Single by Air Supply

from the album Now and Forever
- B-side: "What Kind of Girl"
- Released: November 1982
- Recorded: 1982
- Genre: Soft rock
- Length: 3:59
- Label: Arista (US)
- Songwriters: Howard Greenfield, Ken Hirsch
- Producer: Harry Maslin

Air Supply singles chronology
| "Young Love" (1982) | "Two Less Lonely People in the World" (1982) | "Making Love Out of Nothing at All" (1983) |

= Two Less Lonely People in the World =

1982 single by Air Supply

"Two Less Lonely People in the World" is a song by British/Australian soft rock duo Air Supply, from their 1982 album Now and Forever. It was the third of three singles released from the album.

The song reached number 38 on the US Billboard Hot 100 and number 33 on Cash Box in January 1983. It also charted modestly in Australia.

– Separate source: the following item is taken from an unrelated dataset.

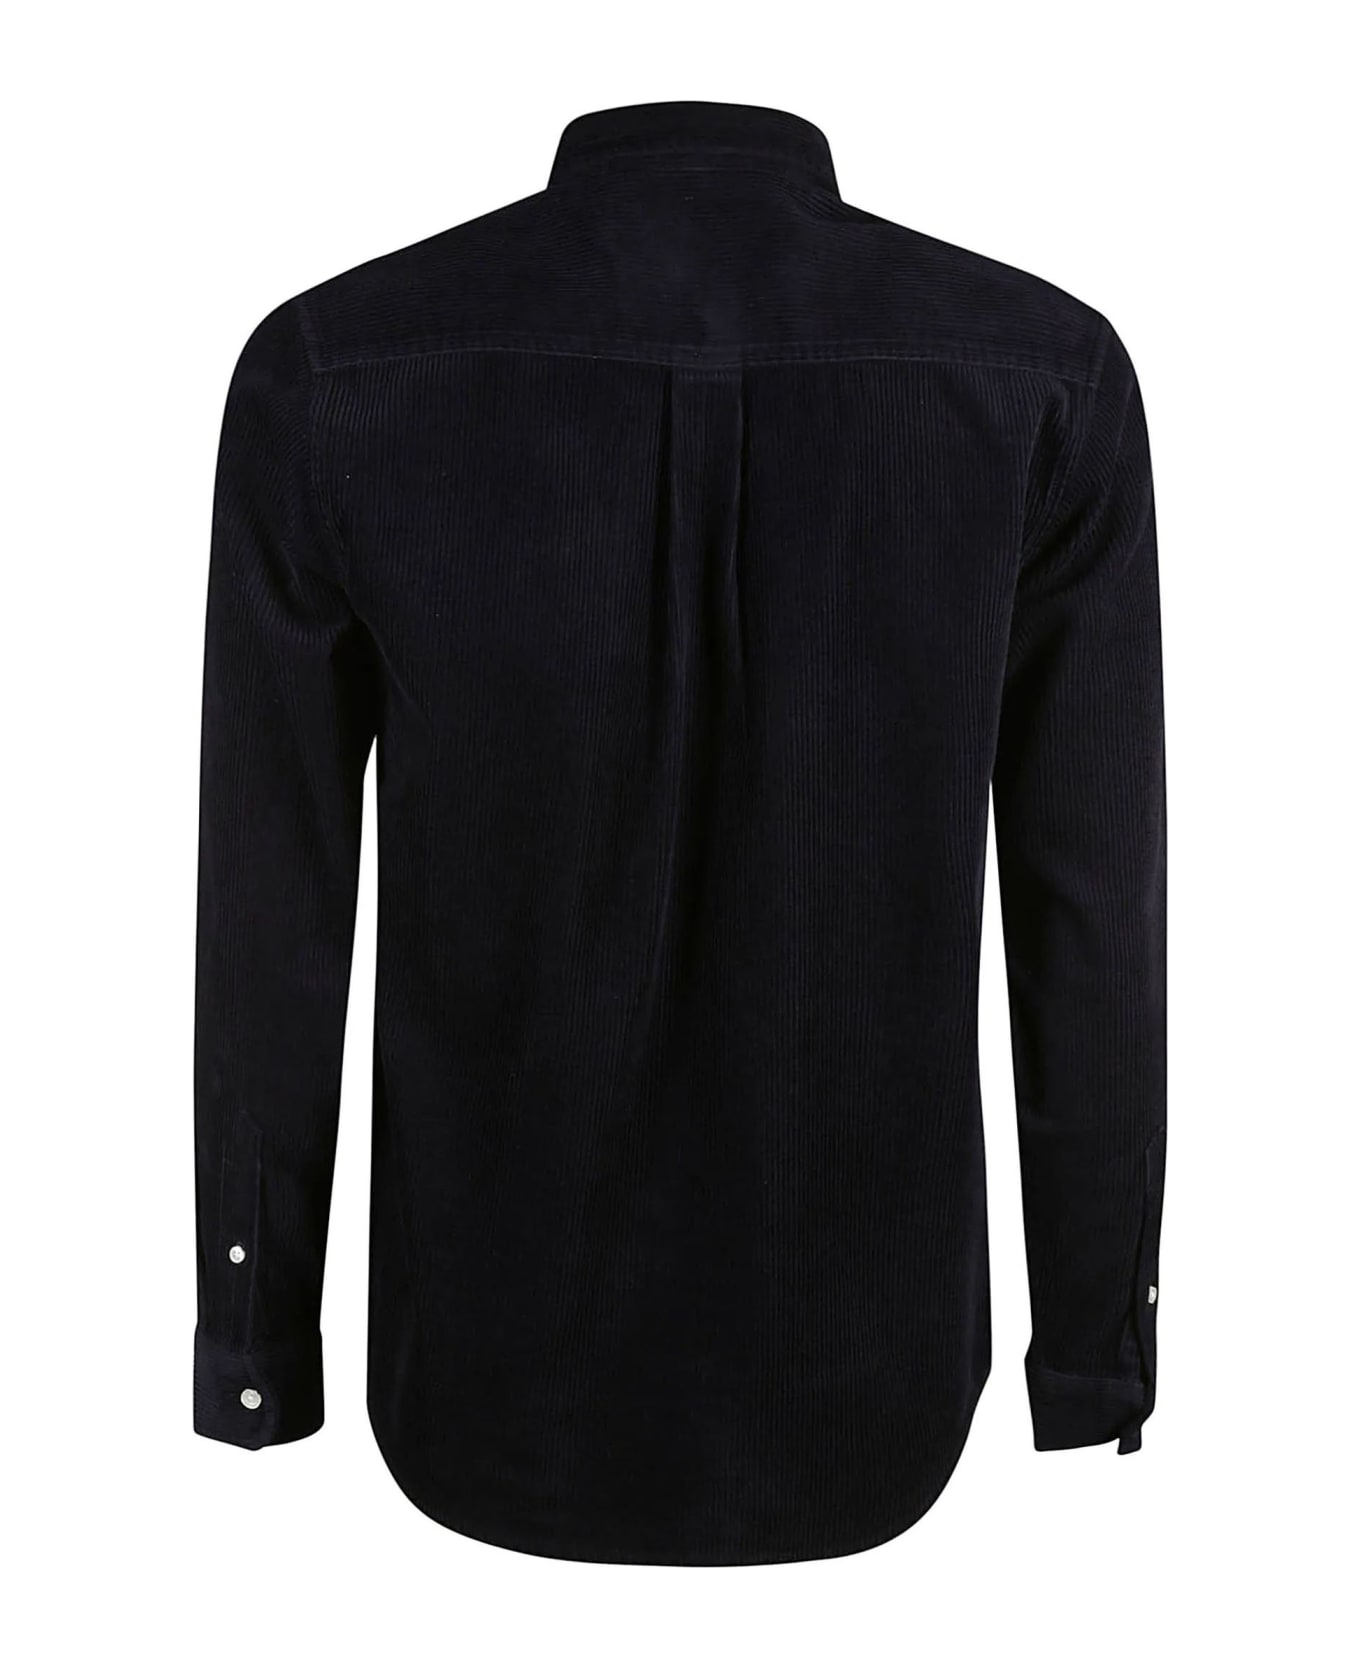 Carhartt Black Cotton Shirt - Nero

Written by Ken Hirsch and veteran lyricist Howard Greenfield, it provided a rare hit for Greenfield decades after his 1960s heyday, and one of the last before his death.

"Two Less Lonely People in the World" was a hit on adult contemporary radio in Canada and the United States, reaching number two in Canada, and three weeks at number four in the US.

Billboard said that "The group's sentimental sound is so distinctive that the new single is instantly familiar."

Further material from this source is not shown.